Exercise input ▸
-*-*-

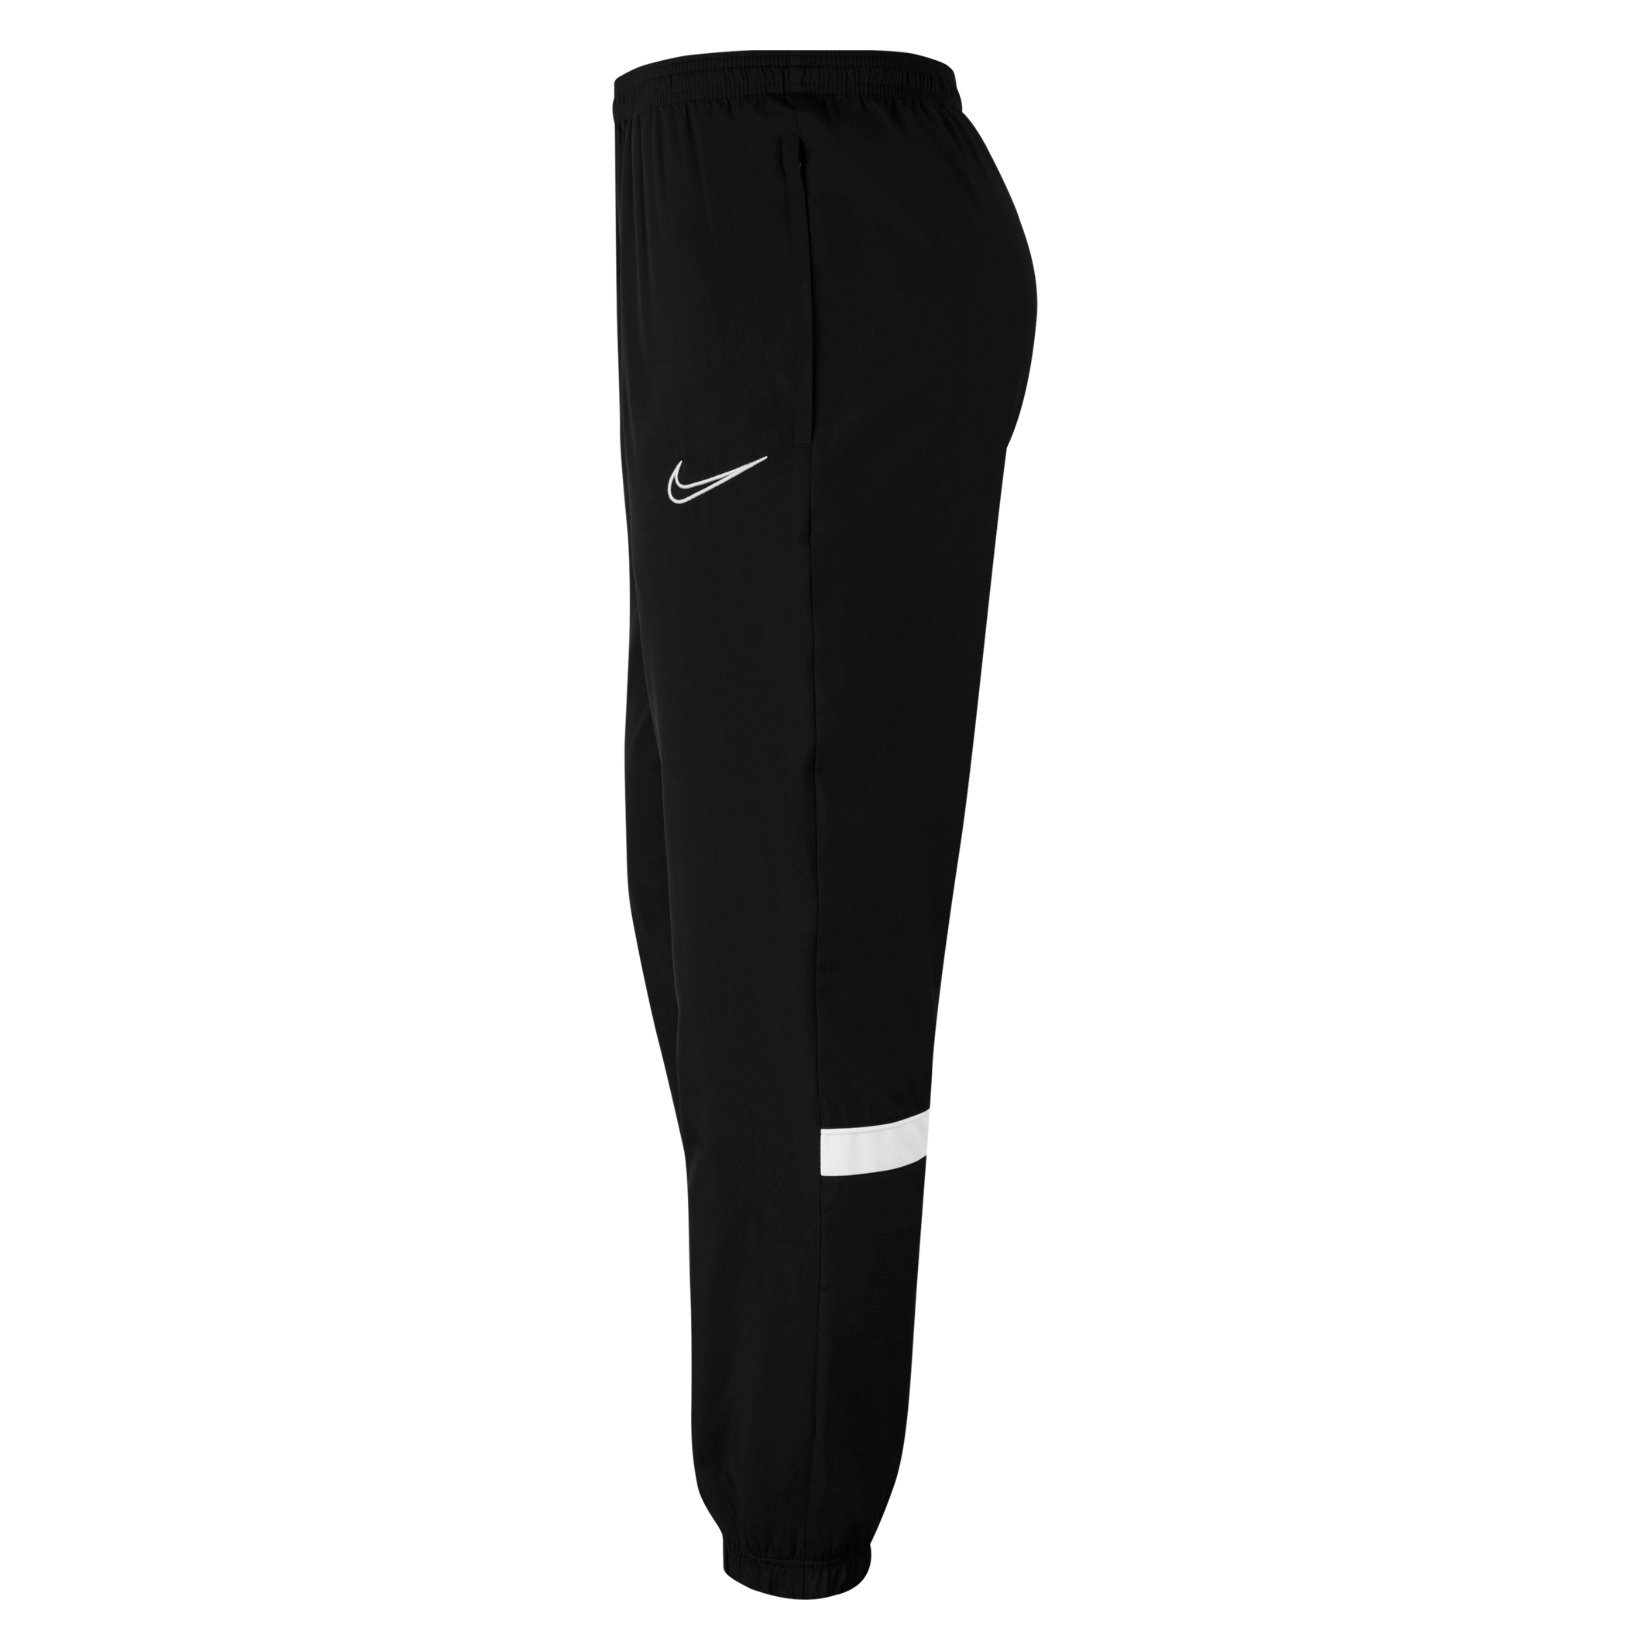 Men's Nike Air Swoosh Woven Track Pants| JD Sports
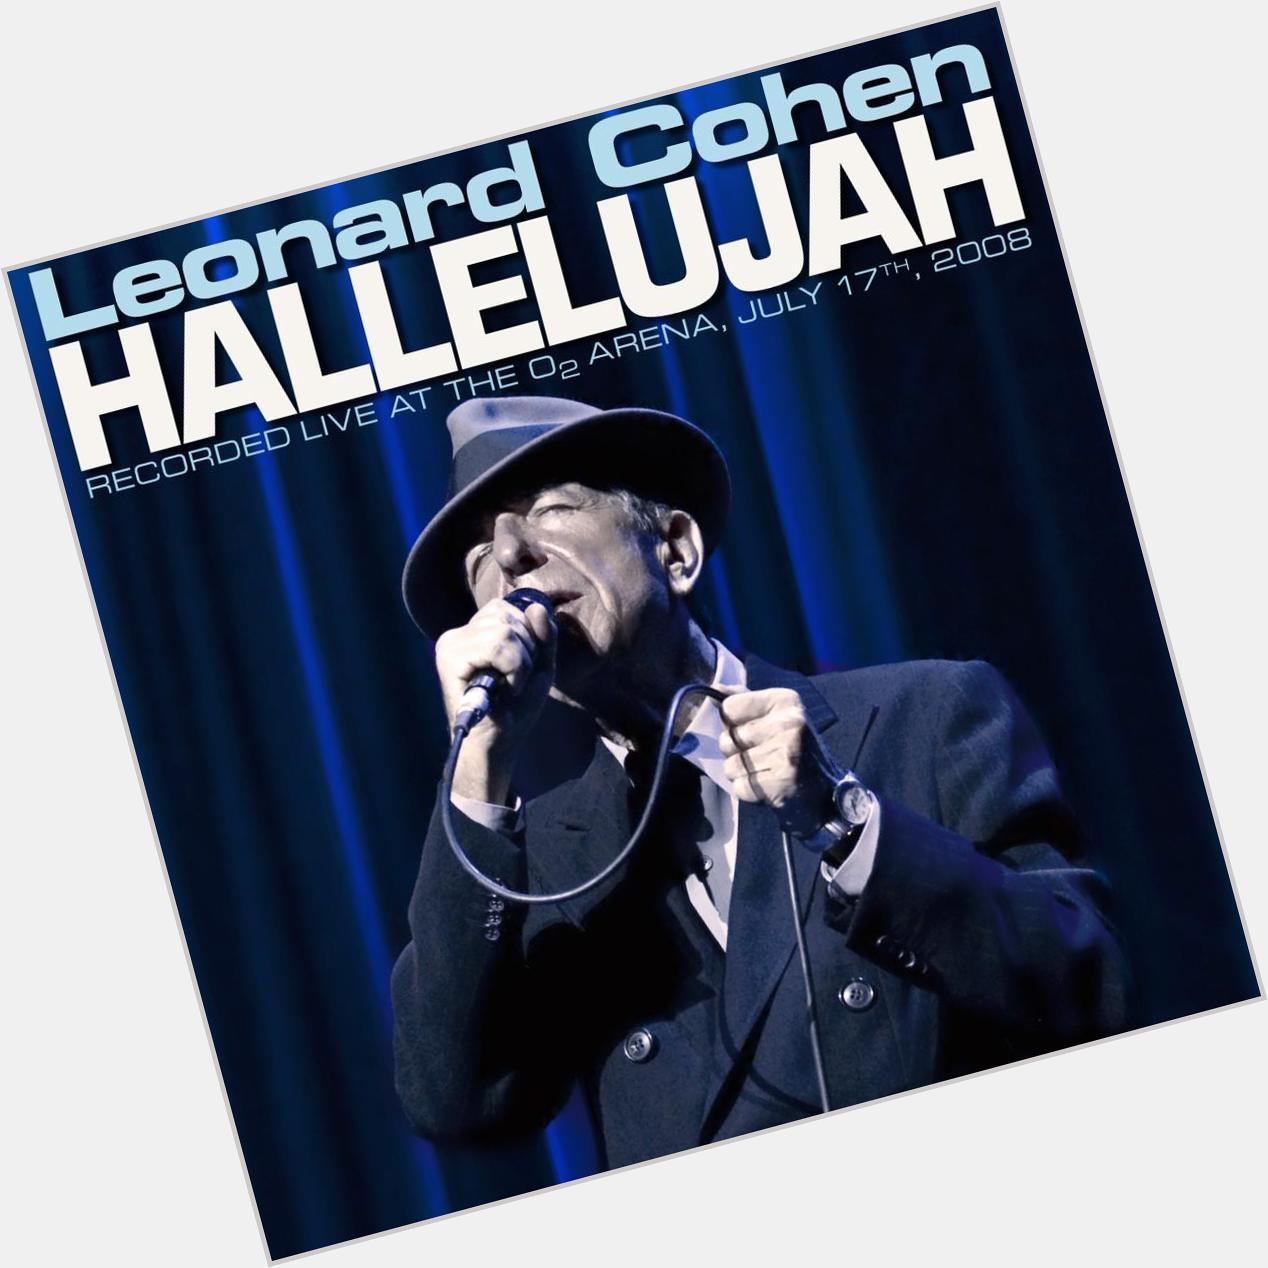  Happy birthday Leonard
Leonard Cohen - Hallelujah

-*-*-

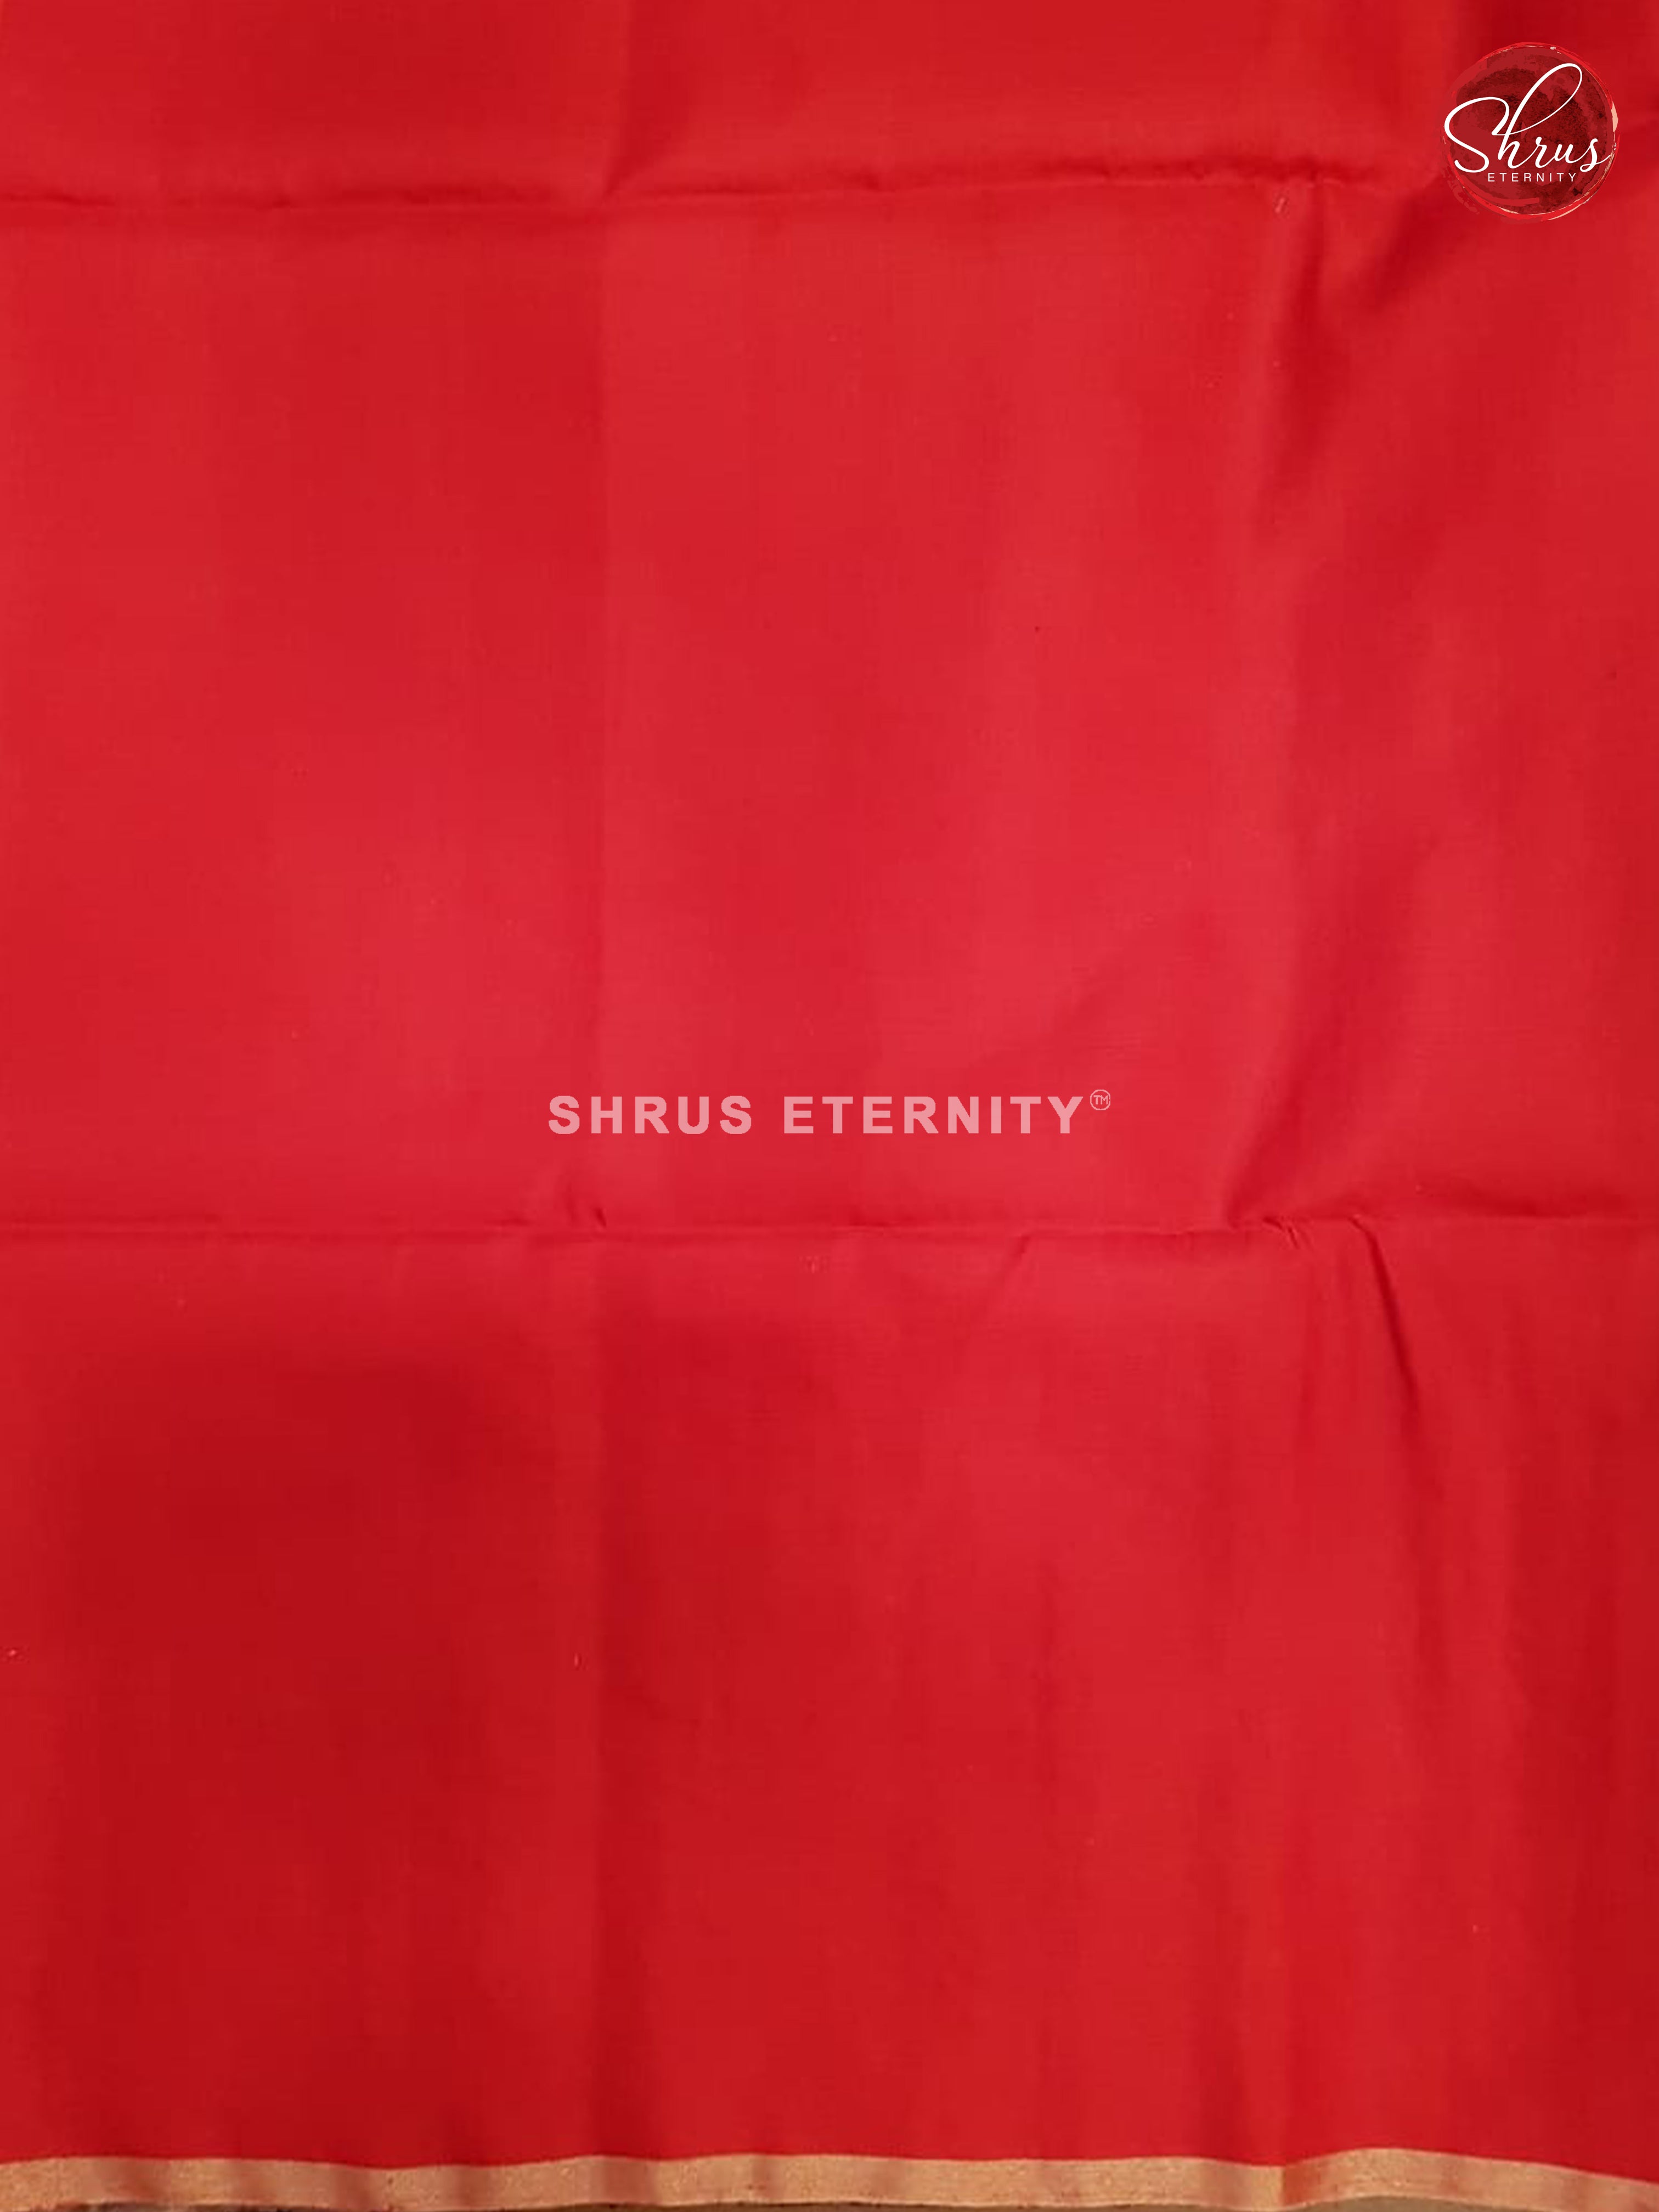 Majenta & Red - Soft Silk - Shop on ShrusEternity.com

-*-*-

Directions ▸
Print the line above containing "Men's Nike Air", the line containing "Leonard Cohen - Hallelujah", and everything between them, exactly as written. Pictures stay out.

Response area ▸
 Men's Nike Air Swoosh Woven Track Pants| JD Sports
  Happy birthday Leonard
Leonard Cohen - Hallelujah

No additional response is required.